© JUNGE FREIHEIT Verlag GmbH & Co. www.jungefreiheit.de 44/18 / 26. Oktober 2018

Urlaub neben dem AKW-Schrott
„Dunkler Tourismus“ führt Menschen an Orte, die von Tod und Gefahren geprägt sind
Heiko Urbanzyk / Gil Barkei

Einmal einen illegalen Grenzübertritt in Lateinamerika mitmachen, eine Voodoo-Opferzeremonie in Afrika erleben oder das berühmte Riesenrad in Tschernobyl sehen. Während die meisten Menschen bei dem Wort „Traumurlaub“ wahrscheinlich eher an ein Alpenpanorama, eine Gondelfahrt durch Venedig oder an das türkisfarbene Meer eines maledivischen Atolls denken, sind Anhänger des „Dark Tourism“ von Orten fasziniert, an denen es zu Tod, Leid und Elend kam.

In Los Angeles wird beispielsweise eine „Helter-Skelter-Tour“ auf dem leichengepflasterten Weg von Charles Manson und der „Manson Family“ angeboten. Die Tour ist wie viele andere Angebote, die auf den Spuren von Serienkillern wandeln, oft ausverkauft. Auch „Urlauber“, die Selfies knipsen vor der in Italien gekenterten Costa Concordia, vor dem Anwesen des früheren kolumbianischen Drogenbosses Pablo Escobar in Medellín oder vor dem Straßenzug des Anschlags auf John F. Kennedy, sind dunkle Touristen. 

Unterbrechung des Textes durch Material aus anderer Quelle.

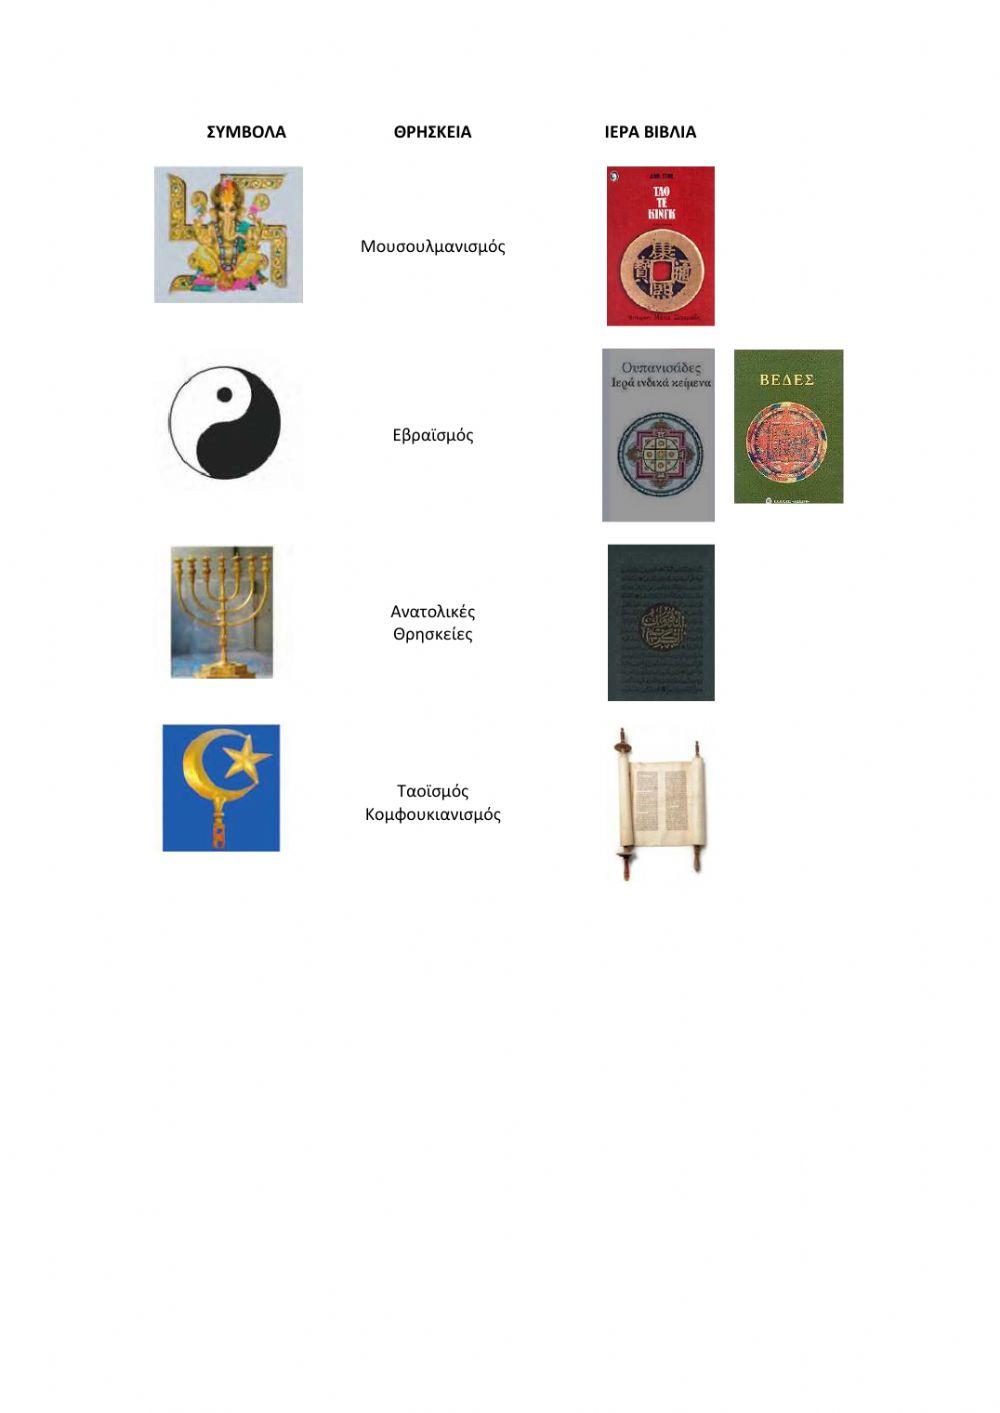 Σύμβολα και ιερά βιβλία από άλλες θρησκείες

Die Faszination des Reisetrends kennt auch keinen Halt vor der Selbstgefährdung. In Kasachstan können Abenteurer in einem Kratersee schwimmen, der durch einen Atombombentest verursacht wurde. Im japanischen Fukushima lädt sogar die Regionalregierung auf der Internetseite real-fukushima.com die Urlauber dazu ein, das heutige Sperrgebiet nach der Nuklearkatastrophe im Kraftwerk Fukushima Daiichi im Jahr 2011 zu besuchen. Nur neun Kilometer vom Ort der Reaktorkernschmelze entfernt eröffnete eigens das Tomioka Hotel. Für rund 40 Euro können sich Touristen auf eine vierstündige Tour mit englischsprachigem Führer begeben. Neben dem Bereisen verwaister Dörfer gehört ein Blick auf das Kraftwerk dazu – das Knattern des Geigerzählers immer wieder im Ohr. Warnung, Gedenken, aber auch Stolz auf Schaffenskraft und Wiederaufbau spiegeln sich in dem ungewöhnlichen Ausflugsprogramm wider – typisch japanisch.

Verschwimmende Grenzen zum Massentourismus

Den Dark Tourism erforscht in Deutschland der Reiseblogger Peter Hohenhaus. Seine Netzseite dark-tourism.com ist mitunter auch mal nicht erreichbar, weil es zu viele Zugriffe auf sie gibt. 700 Schreckens- und Schicksalsorte in 90 Ländern hat Hohenhaus besucht – vom früheren Gefängnis der Roten Khmer in Kambodscha bis zum Flughafen Entebbe in Uganda, der 1976 Ort einer Geiselnahme wurde. Diese Form des Tourismus hält er für legitim, ermahnt die Reisenden aber zum Respekt vor dem Geschehenen. „Bei Dark Tourism geht es um Vergangenes und um Memorialisierung“, erklärte er dem österreichischen Standard. Von affigem Verhalten in Konzentrationslagern oder anderen Gedenkstätten hält er gar nichts. Ebenso spricht er sich gegen Voyeurismus an gegenwärtigem Leid, zum Beispiel in Elendsvierteln aus. Dabei gehört für viele Brasilienbesucher beispielsweise eine kurze Visite in einer Favela Rios zum Reiseplan.

Wie eng der dunkle schon mit dem üblichen Massentourismus verbunden ist, zeigen auch die zahlreichen „Jack The Ripper“-Touren in London, die wie Madame Tussauds vielfach Teils des üblichen Programms für einen Aufenthalt in der britischen Hauptstadt sind. Ebenfalls erscheint ein Wochenende in Berlin ohne Mauerreste-Hopping genauso verfehlt wie eine Reise nach Rom ohne das Kolosseum erkundet zu haben. Und ein Spaziergang durch Manhattan, ohne sich Ground Zero anzuschauen? Längst hat die Branche ihre eigenen Reisemagazine im Fernsehen. Auf Netflix startete in diesem Jahr zum Beispiel die Reihe „Dark Tourist“. Die Grenzen zwischen Blut- und Pauschaltourismus sind zunehmend fließend. So darf der Besucher des Hermannsdenkmal sich auch ganz trendy als „dunkler Tourist“ der Varusschlacht fühlen.